Almost all of his cases have one thing in common: they involved illegal immigrants reentering the United States, looking for work and finding jail time instead.
"I'm on the bench every morning of every day for several hours, sentencing defendants. A very high percentage of those involve Mexican citizens charged with felony reentry. Then I take a break, come back and do it some more," said Brack, who was ranked No. 1 in the country in overall caseload, according to federal statistics and Syracuse University.
Immigration-related felony trials have been on the rise for several years, straining the resources of courts and prisons from Texas to California and illustrating the difficulties of policing the country's primary point of entry for illegal immigrants and drugs.

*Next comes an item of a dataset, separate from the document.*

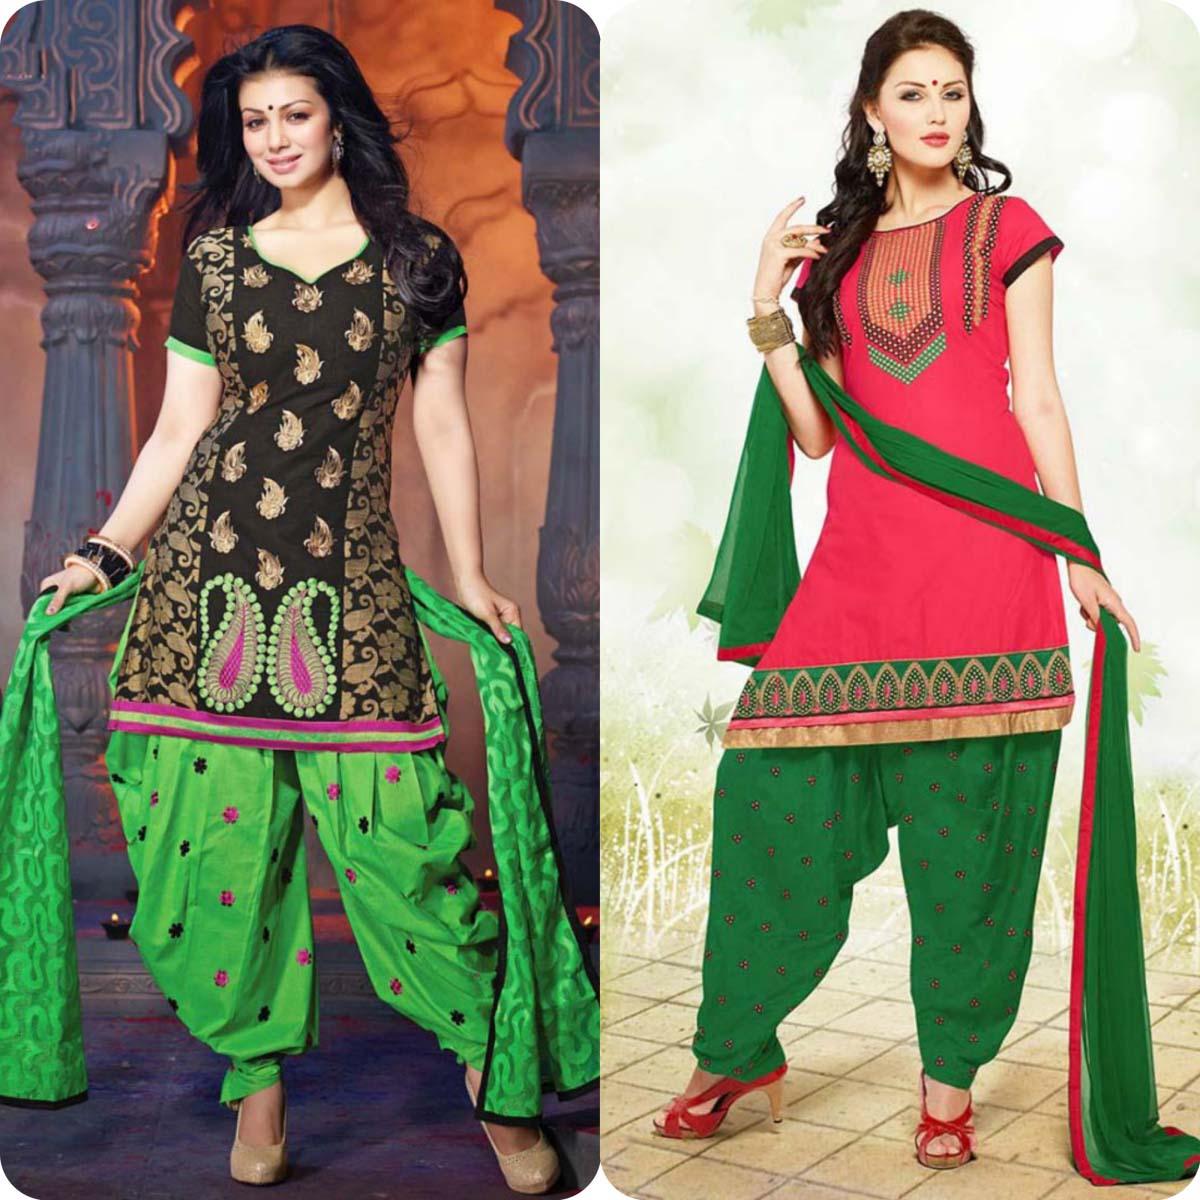 Latest Pakistani and Indian Patiala Shalwar Kameez Suits Designs (11)

All along the 2,000-mile U.S.-Mexico border, courts are clogged with immigration-related cases. As a result, the region's courtrooms handle a disproportionate amount of the country's crime. Just five of the country's 94 districts -- South California, New Mexico, Arizona, West Texas and South Texas -- handle 75 percent of all the criminal cases in federal district courts around the country.
The number of immigration trials have spiked since 2005, a result of a federal program called Operation Streamline that puts illegal immigrants on a fast track to prosecution, detention and deportation.
In the first seven months of 2008, the government reported 38,443 new immigration prosecutions. The Transactional Records Access Clearinghouse, a data research organization at Syracuse University, estimates there will be 65,902 immigration cases this year, a 65 percent increase over last year and a 216 percent increase over 2003.
For the Department of Homeland Security, Operation Streamline is an indispensable tool needed to secure the border. In the past year, the government says, the deterrent of prison time has dramatically decreased the number of the people trying to cross the border from Mexico.
Critics, however, contend that the increased number of cases strain an already burdened judicial system, depriving lawyers and judges of ample time to hear cases and denying defendants the right to a fair trial.